The Upper Cretaceous–lower Paleocene Deccan volca­nic-­associated sediment covers an area of ~500,000 km2 in the south, western and central parts of India. The Deccan volcanic flows are associated with infratrappean (deposited below the volcanic flows) and intertrappean sediments (deposited in-between the two volcanic flows). Vertebrates, invertebrates, micro and megaflora have been discovered in both infratrappean and intertrappean sediments (Mohabey 1996; Mohabey and Udhoji 2000; Khosla and Sahni 2003). The Naskal section is located at 17°14’21” N, 77°53’16” E, in the Ranga Reddy District in the state of Telangana, India (Fig. 1A). This section has a thickness of <3 m and a lateral exposure of <15 m and an aerial distribution of <5 m2. It occurs between Flow-3 and Flow-4 at an elevation of 624 m. In the Naskal locality there are three geographically separated sections designated as Naskal-A, Naskal-B, and Naskal GSI Quarry (Wilson Mantilla et al. 2022: fig. 3). Based on Ar40/Ar39 plagioclase dating of the flows, it is indicated that the permissible age range of the Naskal intertrappean sediments is between 66.136 and 66.056 Ma at 68% confidence (Wilson Mantilla et al. 2022), thus deposited close to the Cretaceous/Paleogene boundary.

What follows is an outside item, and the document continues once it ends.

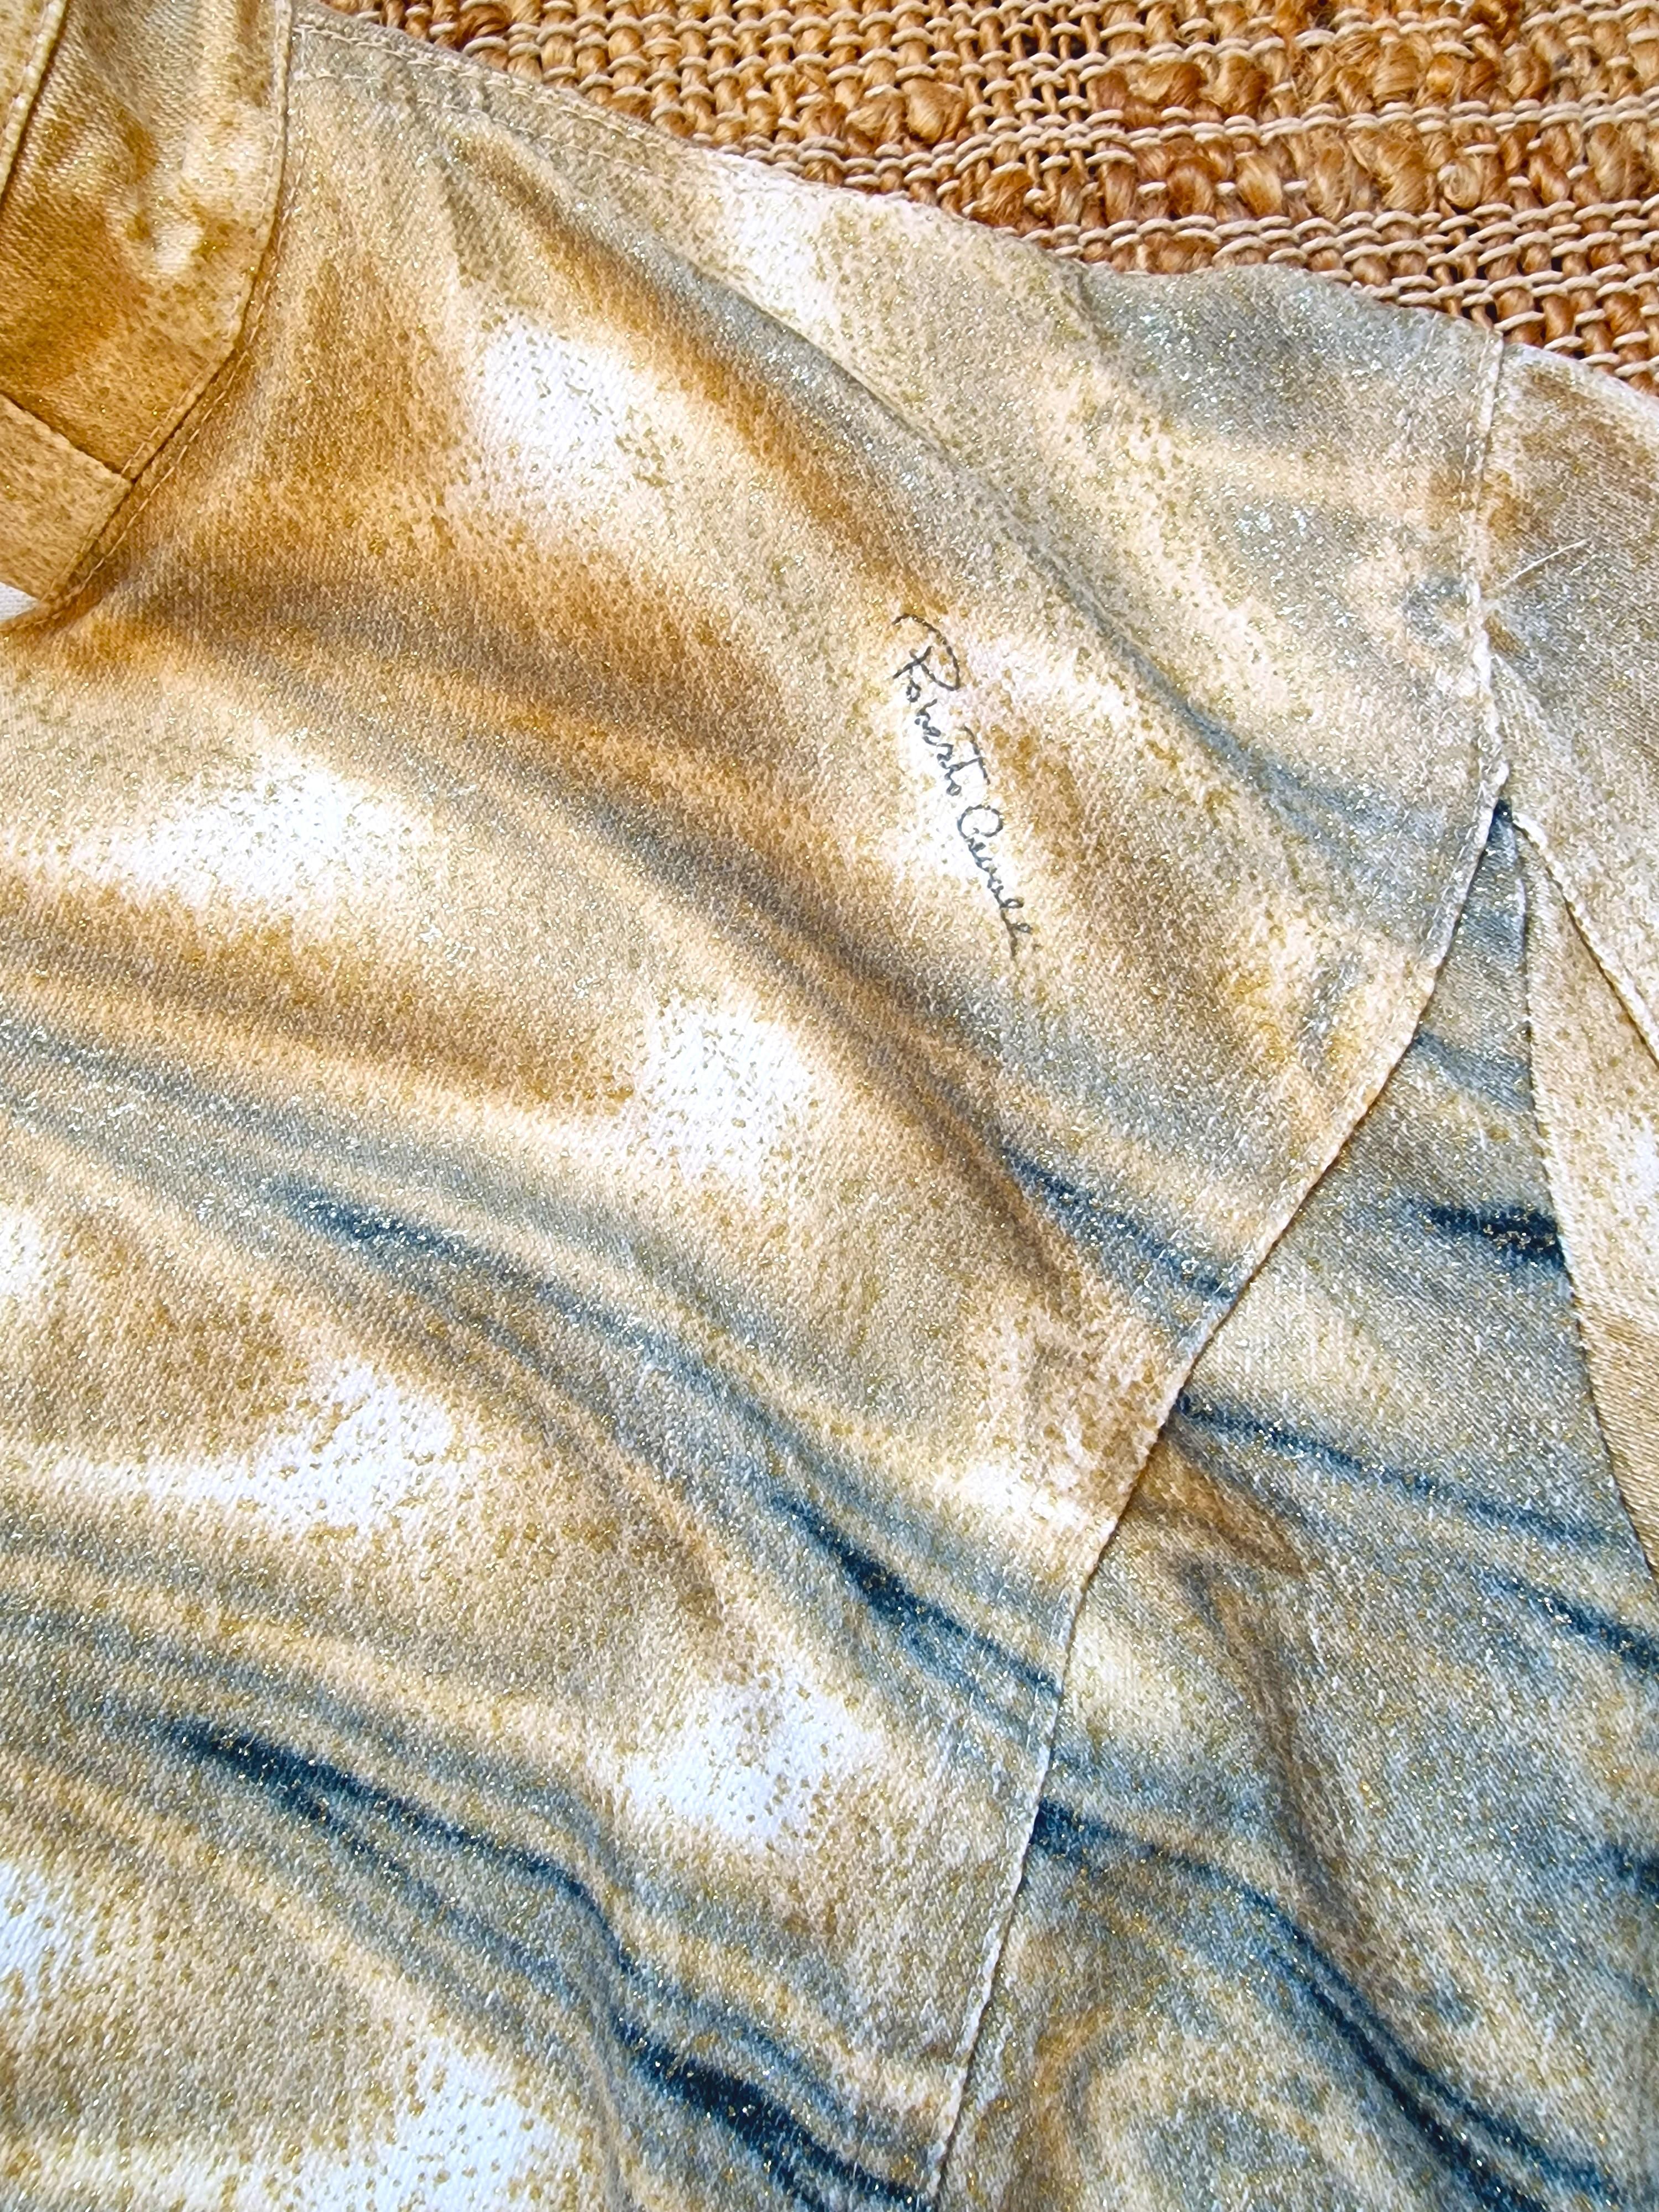 Roberto Cavalli Optical Illusion Rainbow Shiny Striped Gold Golden Metal Jacket For Sale 1

All the three Naskal sections were targeted for the sampling but the sponge spicules were recovered only from the Naskal GSI Quarry section (Fig. 1). The sponge spicule bearing section has a thickness of 120 cm comprises black to grey cherty limestone, hard yellowish shaly mudstone, loose shaly to carbonate mudstone to marlstone, white mudstone, and dark clay with sandy lenses in ascending stratigraphic order (Fig. 1B). Naskal B (Fig. 1C) which is ~7 m west of the Naskal GSI Quarry section yielded only palynomorphs (for details see Wilson Mantilla et al. 2022).

Palaeoecology and age of the Naskal Intertrappean.—The Naskal intertrappean beds have yielded a rich mammal record (summarised in Wilson Mantilla et al. 2022), including the first Indian record of a Cretaceous mammal (Prasad and Sahni 1988). In addition to mammals, it has other vertebra­tes such as fish, anurans, squamates, sphenodontian, turt­les, and crocodilians (Prasad and Sahni 1988; Prasad 2012). Palyno­flora of Naskal is represented by marker Maastrich­tian taxa, i.e., Crybelosporites intertrappea, Maas­­tri­ch­tian–Paleo­­cene taxa, i.e., Gabonisporis vigourouxii, Mul­leri­pollis bol­puren­sis, and Paleocene taxa, i.e., Stria­col­porites striatus and Echistephanocolpites meghalayensis. Overall, palynoassemblage indicates the presence of transitional flora where Maastrichtian palynomorphs were depleted and Paleocene flora was dominating.

Material and methods

Samples of shale, carbonate mudstone, and marlstone (100 g each) were treated with 5% hydrochloric acid (HCl) until the effervescence subsided. This was followed by thorough washing with distilled water and treatment with 5% hydrofluoric acid (HF) for 5 minutes to remove the thin siliceous secondary coating on the fossils. To remove organic matter, samples were sometimes treated with dilute nitric acid (HNO3) and 5% potassium hydroxide (KOH). Every chemical treatment was followed by washing the sample with distilled water. After chemical treatments, the sieved samples were divided into two aliquots, one for the preparation of slides for Light Microscopy (LM) using polyvinyl alcohol and Canada balsam, and the other for the preparation of stubs for Scanning Electron Microscopy (SEM).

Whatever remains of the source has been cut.